*Exercise prompt:* In the records below, find each line holding the word "Power" and copy it.

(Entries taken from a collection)

---

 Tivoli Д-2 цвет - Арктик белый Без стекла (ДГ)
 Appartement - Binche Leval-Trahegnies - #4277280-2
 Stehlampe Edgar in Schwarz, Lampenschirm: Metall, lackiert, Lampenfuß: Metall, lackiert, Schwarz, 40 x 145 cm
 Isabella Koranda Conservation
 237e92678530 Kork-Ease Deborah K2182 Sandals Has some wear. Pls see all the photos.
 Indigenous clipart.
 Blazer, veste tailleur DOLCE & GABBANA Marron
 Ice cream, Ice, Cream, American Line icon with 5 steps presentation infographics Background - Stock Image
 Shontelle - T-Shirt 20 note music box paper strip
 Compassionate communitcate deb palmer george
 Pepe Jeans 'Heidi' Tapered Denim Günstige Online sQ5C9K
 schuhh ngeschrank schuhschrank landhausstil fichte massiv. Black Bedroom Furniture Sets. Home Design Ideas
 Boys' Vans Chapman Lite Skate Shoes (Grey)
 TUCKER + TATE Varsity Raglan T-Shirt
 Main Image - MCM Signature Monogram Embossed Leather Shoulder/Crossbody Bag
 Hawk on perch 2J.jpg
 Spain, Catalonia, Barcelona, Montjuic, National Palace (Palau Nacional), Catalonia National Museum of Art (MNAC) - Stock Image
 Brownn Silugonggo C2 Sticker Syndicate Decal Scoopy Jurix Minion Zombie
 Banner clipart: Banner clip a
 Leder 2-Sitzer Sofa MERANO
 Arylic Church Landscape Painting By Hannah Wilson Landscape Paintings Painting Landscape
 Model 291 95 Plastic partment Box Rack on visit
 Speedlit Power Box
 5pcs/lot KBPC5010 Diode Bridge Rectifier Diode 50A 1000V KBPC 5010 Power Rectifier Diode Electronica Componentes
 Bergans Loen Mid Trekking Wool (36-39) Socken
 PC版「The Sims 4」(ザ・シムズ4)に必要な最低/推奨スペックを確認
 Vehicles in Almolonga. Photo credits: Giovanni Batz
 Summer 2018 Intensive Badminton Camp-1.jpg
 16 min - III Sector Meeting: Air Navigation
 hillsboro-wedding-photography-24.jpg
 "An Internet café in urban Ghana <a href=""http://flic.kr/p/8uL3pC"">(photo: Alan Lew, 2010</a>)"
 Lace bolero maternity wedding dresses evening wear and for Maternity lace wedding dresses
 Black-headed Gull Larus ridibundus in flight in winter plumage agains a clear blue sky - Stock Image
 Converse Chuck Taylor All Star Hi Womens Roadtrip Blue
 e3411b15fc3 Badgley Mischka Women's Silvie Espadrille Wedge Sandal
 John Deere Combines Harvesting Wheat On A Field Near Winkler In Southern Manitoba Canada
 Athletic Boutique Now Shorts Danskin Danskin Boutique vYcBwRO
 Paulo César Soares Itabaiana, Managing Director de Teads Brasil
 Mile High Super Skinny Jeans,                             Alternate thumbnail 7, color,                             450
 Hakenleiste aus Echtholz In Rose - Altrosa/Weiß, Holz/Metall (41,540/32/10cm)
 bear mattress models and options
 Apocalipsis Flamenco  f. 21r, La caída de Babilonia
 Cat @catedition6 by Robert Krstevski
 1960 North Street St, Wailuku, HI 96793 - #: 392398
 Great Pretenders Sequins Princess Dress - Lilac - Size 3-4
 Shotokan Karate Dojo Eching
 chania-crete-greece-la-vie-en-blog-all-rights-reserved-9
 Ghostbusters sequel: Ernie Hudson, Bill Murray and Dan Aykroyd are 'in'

---

*Finished exercise:*
 Speedlit Power Box
 5pcs/lot KBPC5010 Diode Bridge Rectifier Diode 50A 1000V KBPC 5010 Power Rectifier Diode Electronica Componentes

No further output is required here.